> _What you should do_
Set down the data below in full and exactly, minus the pictures.

> _Dataset content_
-=-=-

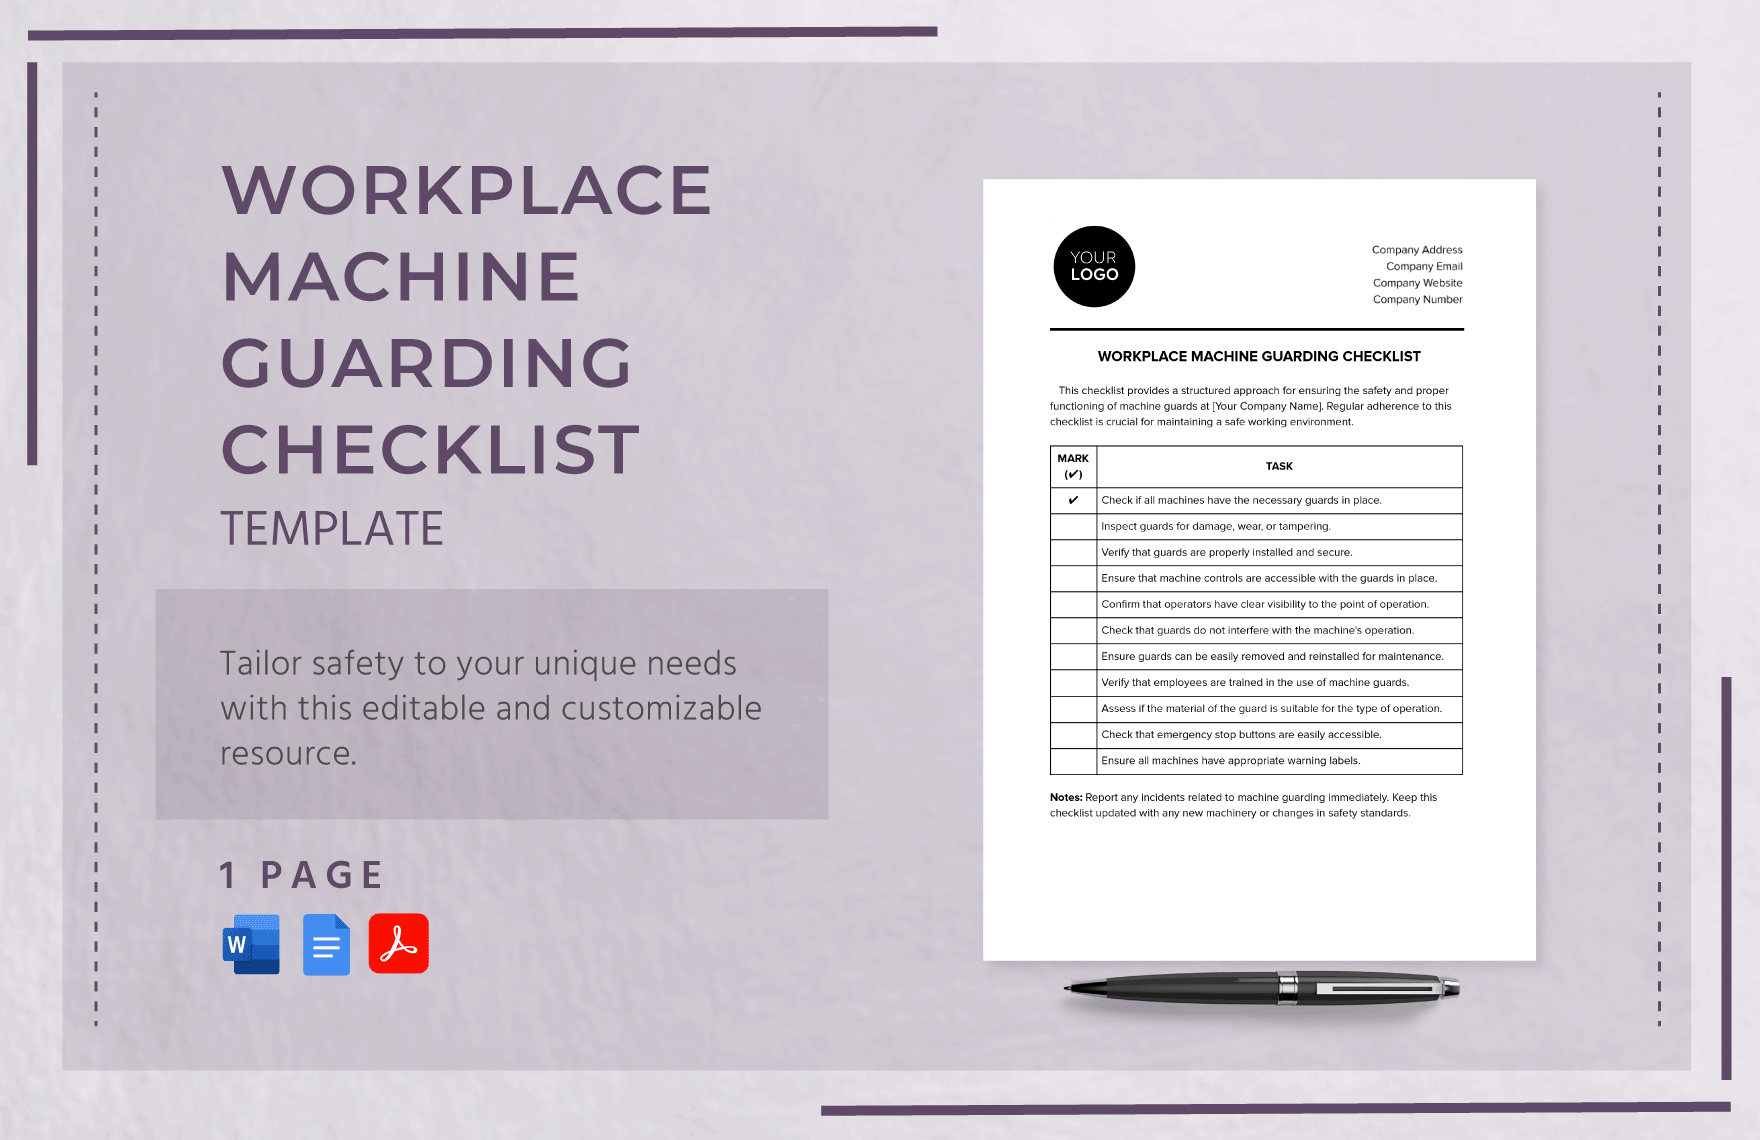 Workplace Machine Guarding Checklist Template in Word, Google Docs, PDF
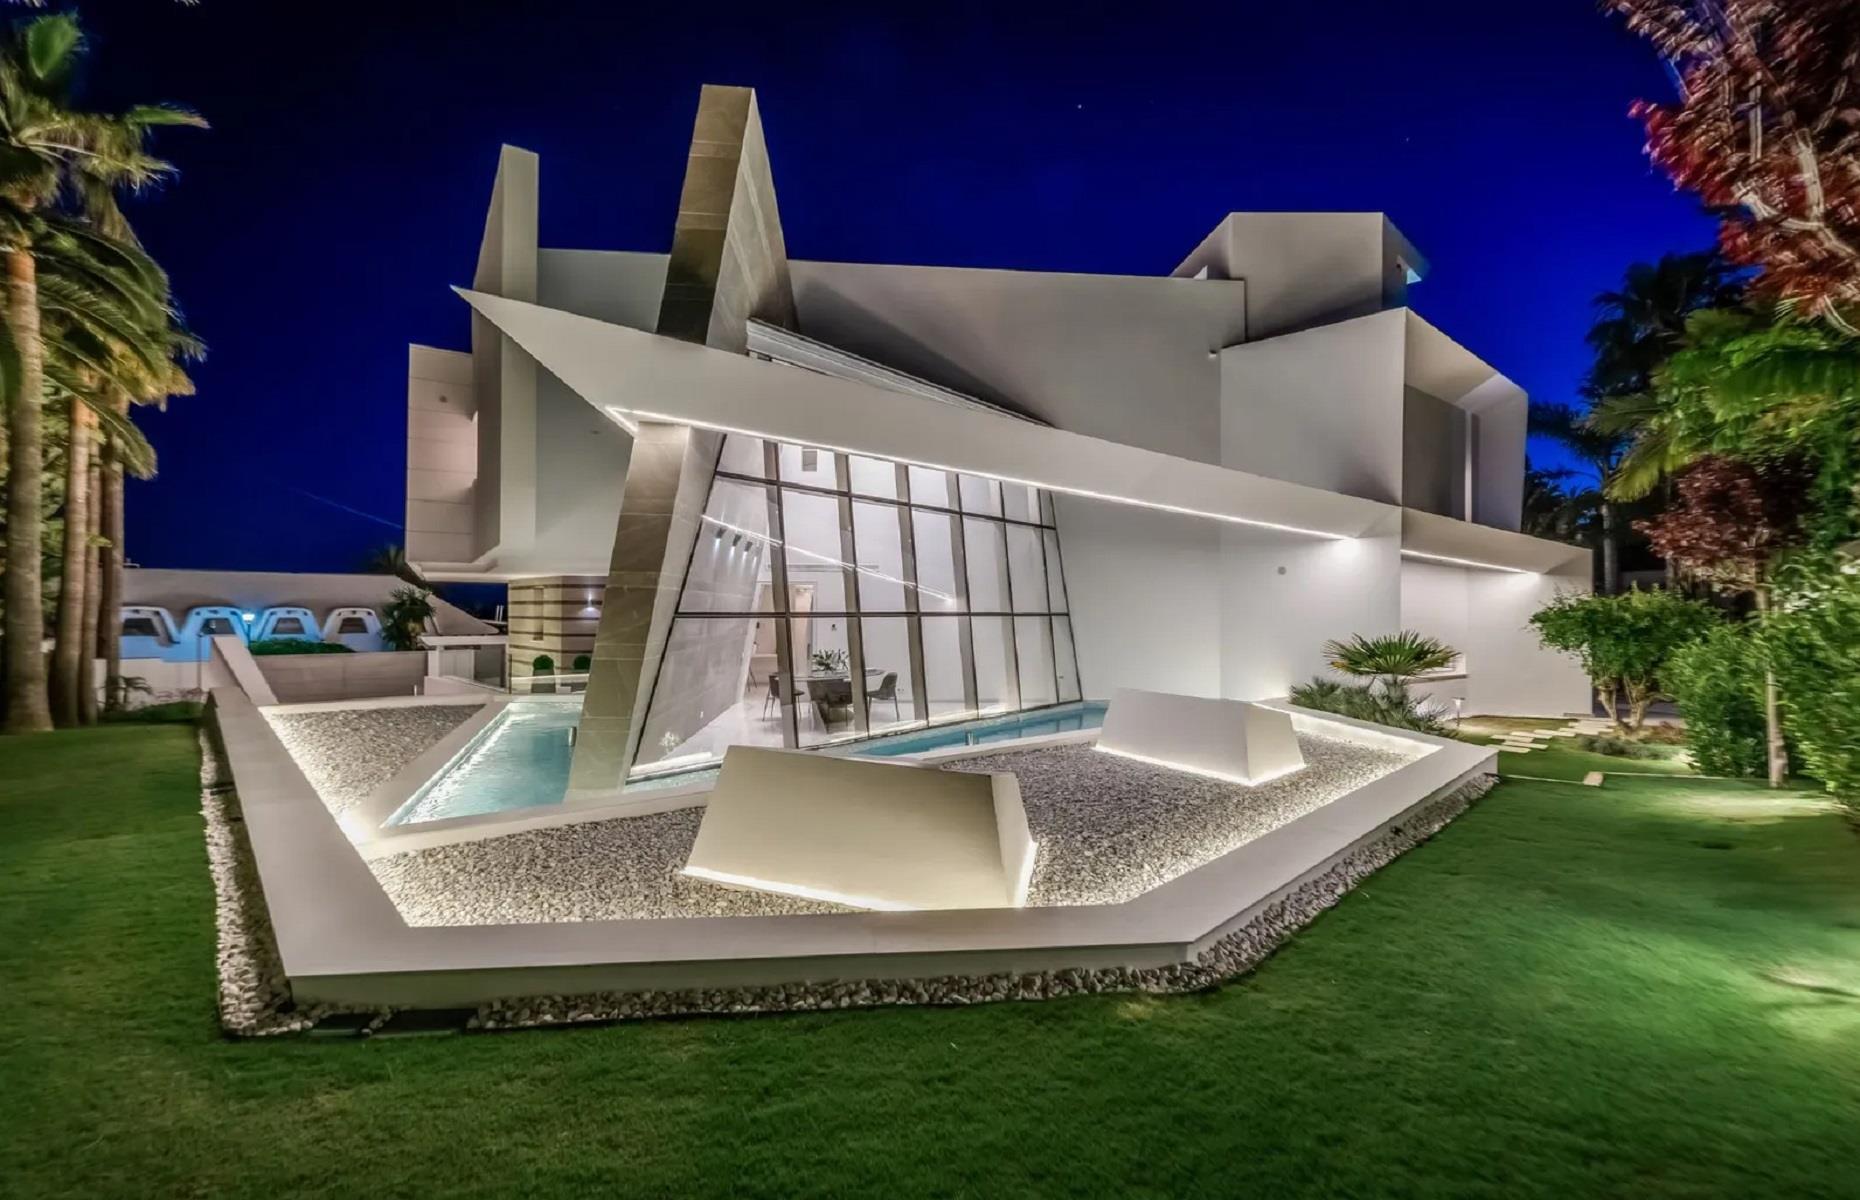 <p>This sharp, angular villa in Marbella, Spain, could definitely be described as unique. With its unusual façade that resembles a helmet or some sort of Transformers robot, it's a luxe home fit for an <a href="https://www.loveproperty.com/gallerylist/95390/why-an-eccentric-millionaire-abandoned-this-american-castle">eccentric millionaire</a>. </p>
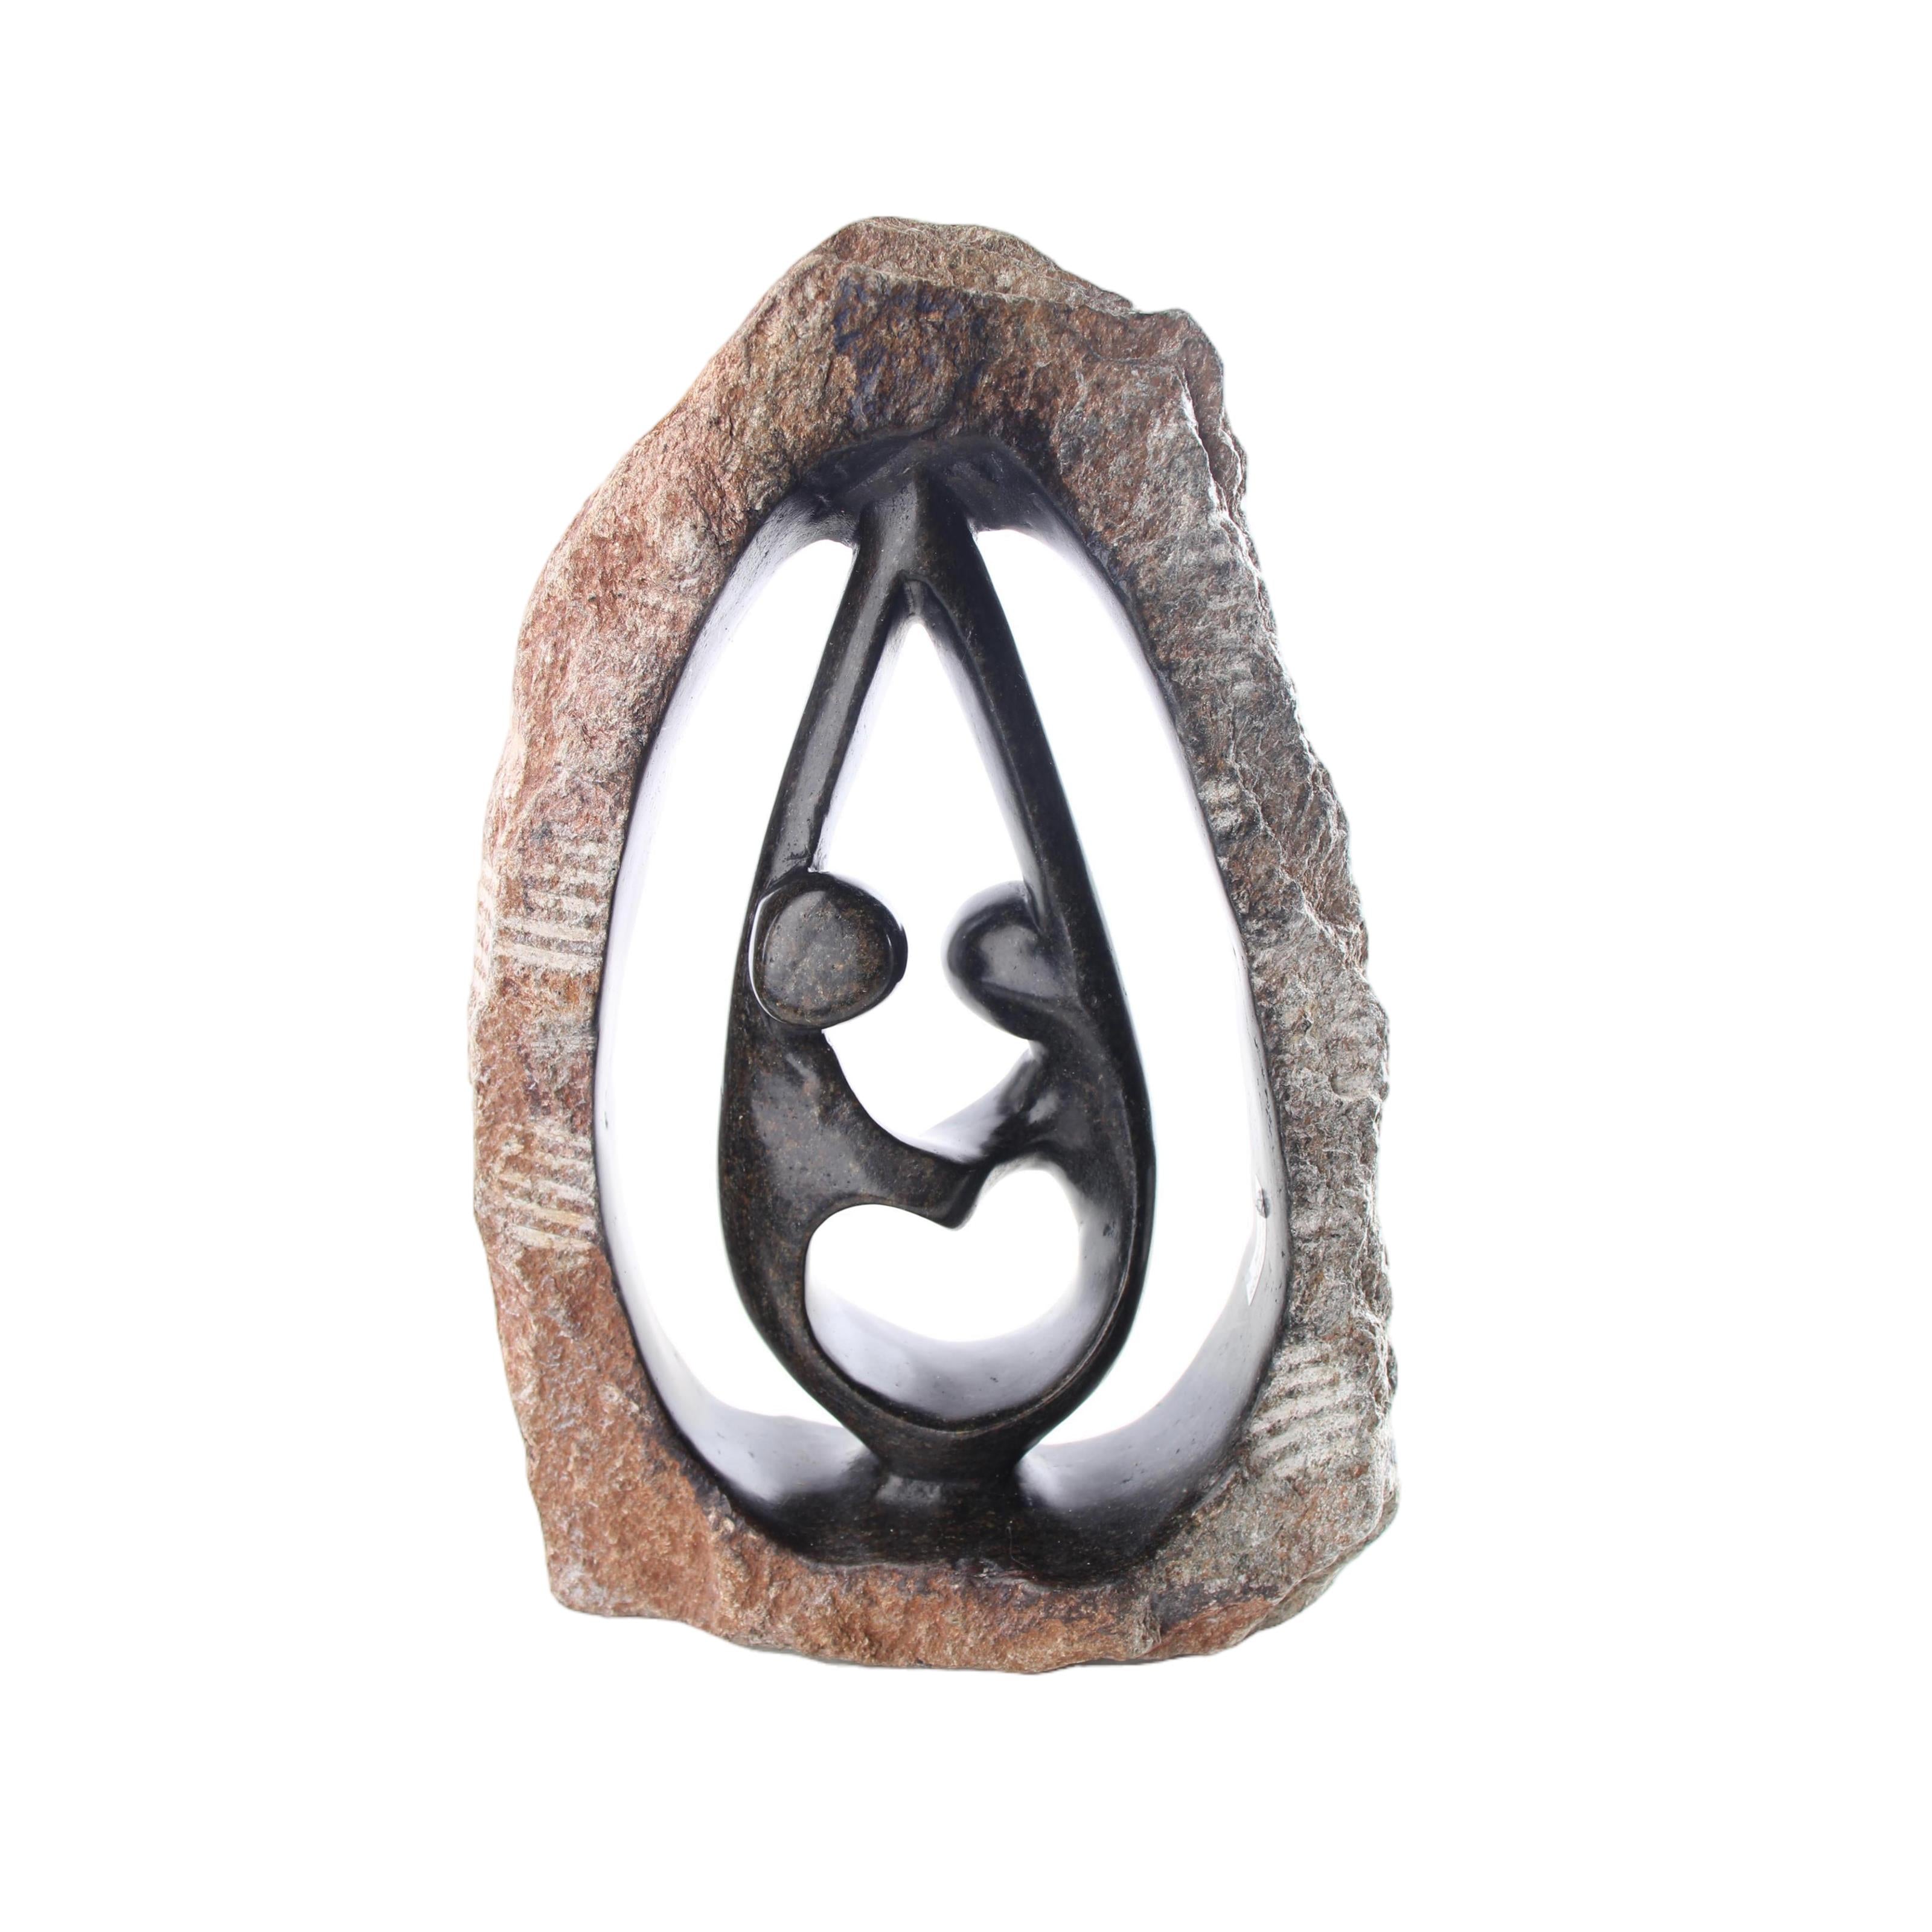 Shona Tribe Serpentine Stone Couples ~10.2" Tall - Couples

-=-=-

> _Response to the exercise_
 Workplace Machine Guarding Checklist Template in Word, Google Docs, PDF
 <p>This sharp, angular villa in Marbella, Spain, could definitely be described as unique. With its unusual façade that resembles a helmet or some sort of Transformers robot, it's a luxe home fit for an <a href="https://www.loveproperty.com/gallerylist/95390/why-an-eccentric-millionaire-abandoned-this-american-castle">eccentric millionaire</a>. </p>
 Shona Tribe Serpentine Stone Couples ~10.2" Tall - Couples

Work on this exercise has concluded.